Effectively, we ran a thorough analysis of the components that, from a business perspective, functioned as a cohesive whole but were built as distinct elements that could be migrated independently to the Cloud and laid this out as a programme of sequenced increments.

Seams

Our transitional architecture was mostly influenced by the Legacy seams we could uncover within the Mainframe. You can think of them as the junction points where code, programs, or modules meet. In a legacy system, they may have been intentionally designed at strategic places for better modularity, extensibility, and maintainability. If this is the case, they will likely stand out throughout the code, although when a system has been under development for a number of decades, these seams tend to hide themselves amongst the complexity of the code. Seams are particularly valuable because they can be employed strategically to alter the behaviour of applications, for example to intercept data flows within the Mainframe allowing for capabilities to be offloaded to a new system.

Determining technical seams and valuable delivery increments was a symbiotic process; possibilities in the technical area fed the options that we could use to plan increments, which in turn drove the transitional architecture needed to support the programme. Here, we step a level lower in technical detail to discuss solutions we planned and designed to enable Incremental Legacy Displacement for our client. It is important to note that these were continuously refined throughout our engagement as we acquired more knowledge; some went as far as being deployed to test environments, whilst others were spikes. As we adopt this approach on other large-scale Mainframe modernisation programmes, these approaches will be further refined with our most up to date hands-on experience.

External interfaces

We examined the external interfaces exposed by the Mainframe to data Providers and our client’s Customers. We could apply Event Interception on these integration points to allow the transition of external-facing workload to the cloud, so the migration would be silent from their perspective. There were two types of interfaces into the Mainframe: a file-based transfer for Providers to supply data to our client, and a web-based set of APIs for Customers to interact with the product layer.

Batch input as seam

The first external seam that we found was the file-transfer service.
Providers could transfer files containing data in a semi-structured format via two routes: a web-based GUI (Graphical User Interface) for file uploads interacting with the underlying file transfer service, or an FTP-based file transfer to the service directly for programmatic access.

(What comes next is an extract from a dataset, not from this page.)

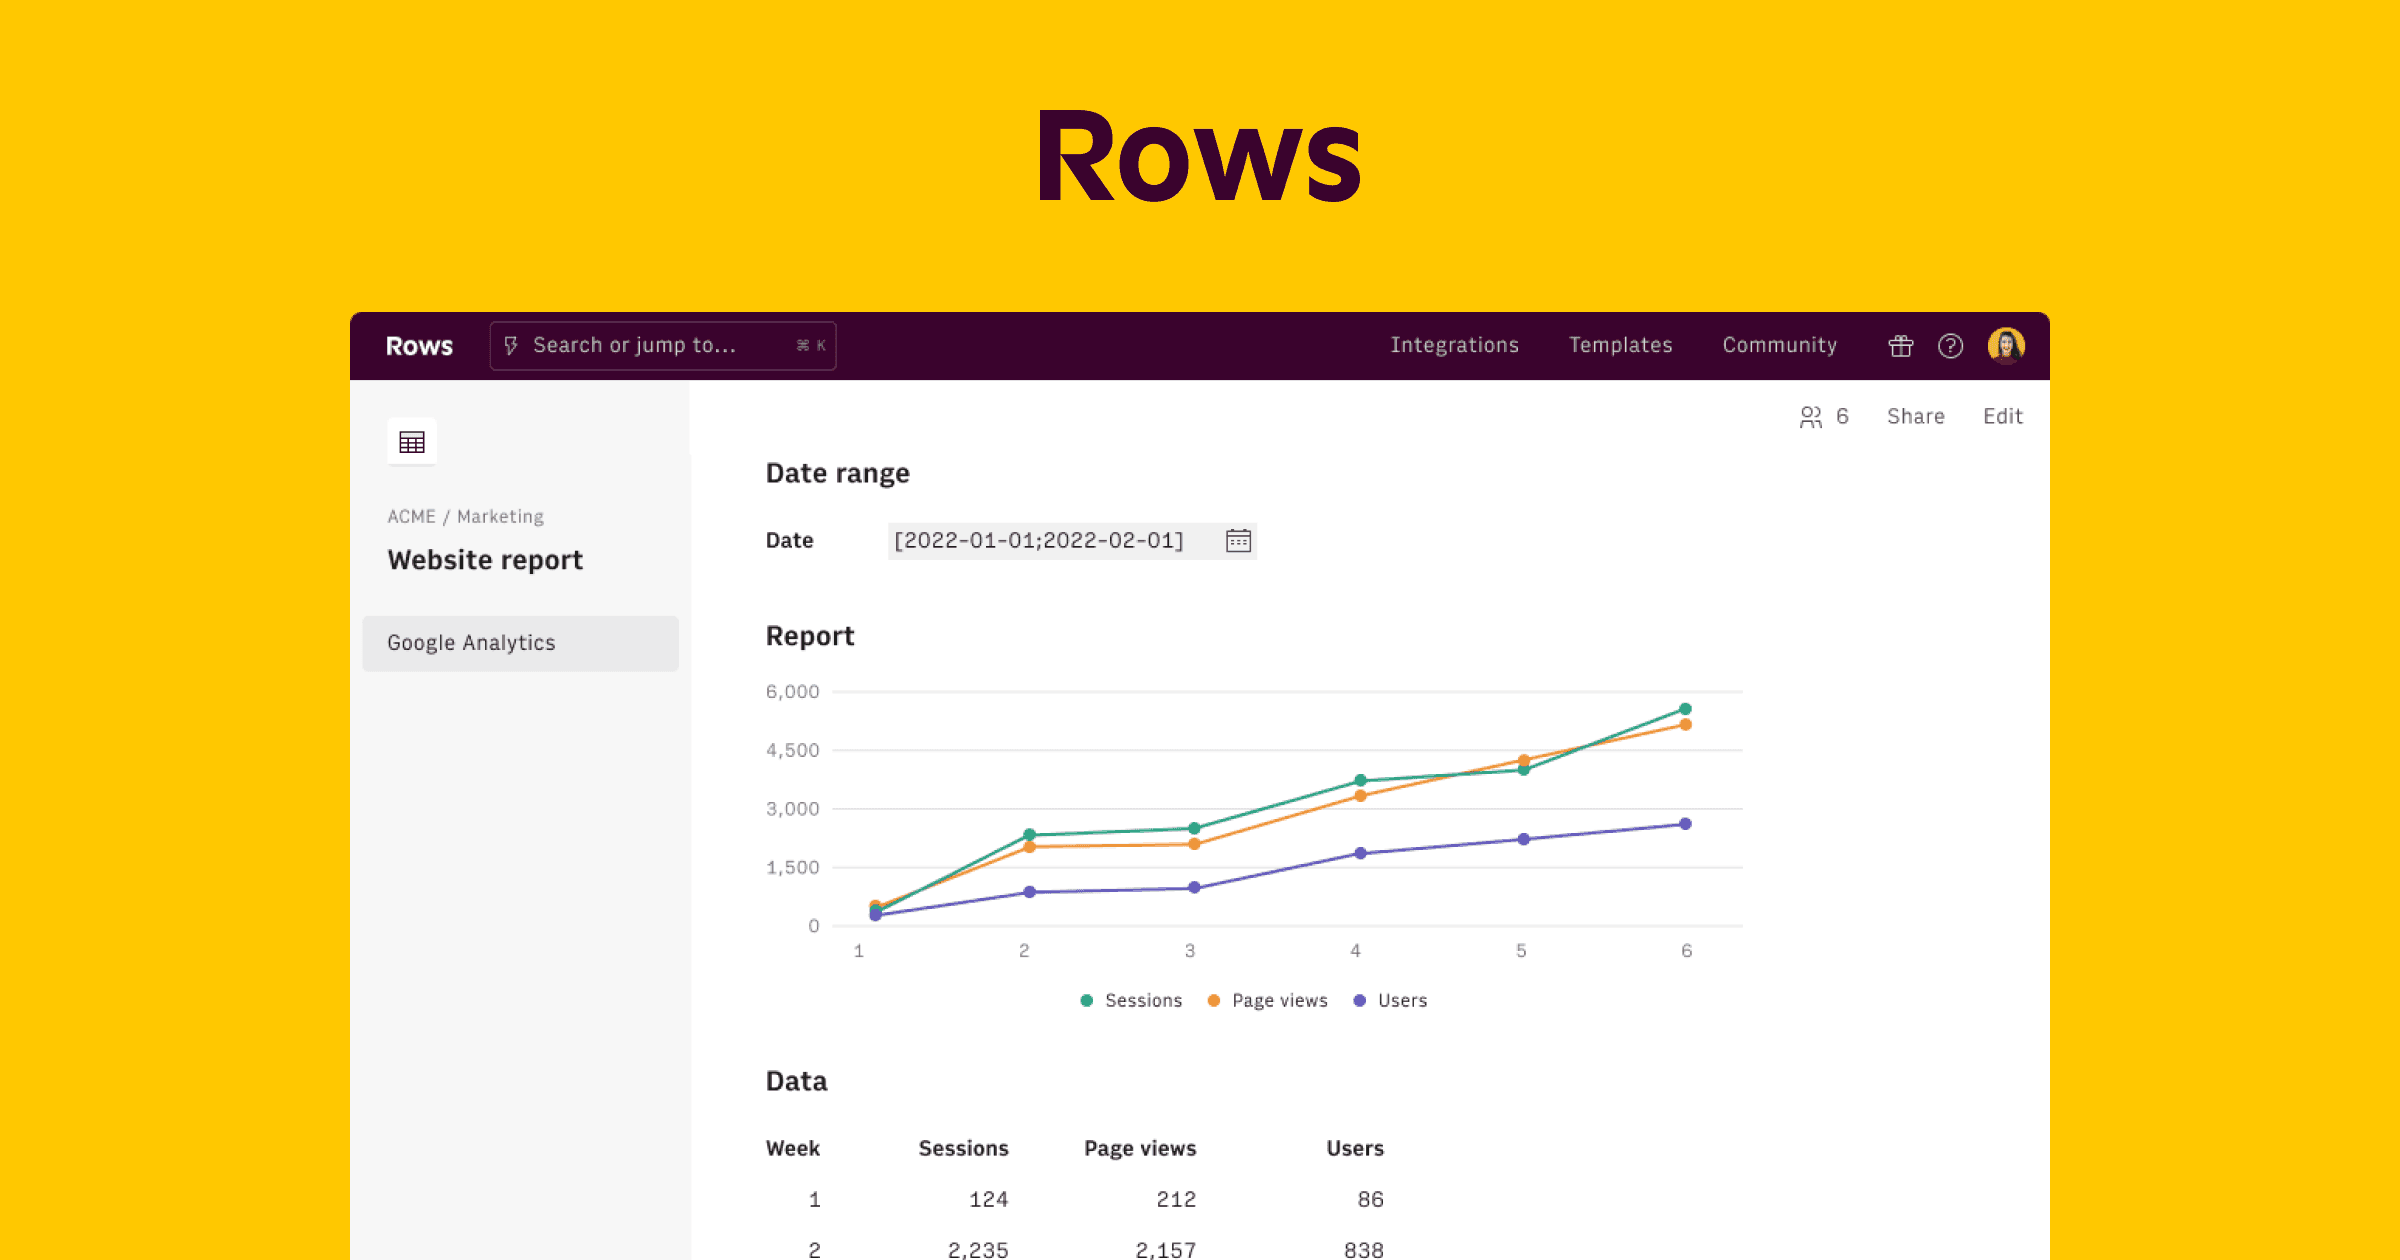 Product: Rows

The file transfer service determined, on a per provider and file basis, what datasets on the Mainframe should be updated. These would in turn execute the relevant pipelines through dataset triggers, which were configured on the batch job scheduler.

Assuming we could rebuild each pipeline as a whole on the Cloud (note that later we will dive deeper into breaking down larger pipelines into workable chunks), our approach was to build an individual pipeline on the cloud, and dual run it with the mainframe to verify they were producing the same outputs. In our case, this was possible through applying additional configurations on the File transfer service, which forked uploads to both Mainframe and Cloud. We were able to test this approach using a production-like File transfer service, but with dummy data, running on test environments.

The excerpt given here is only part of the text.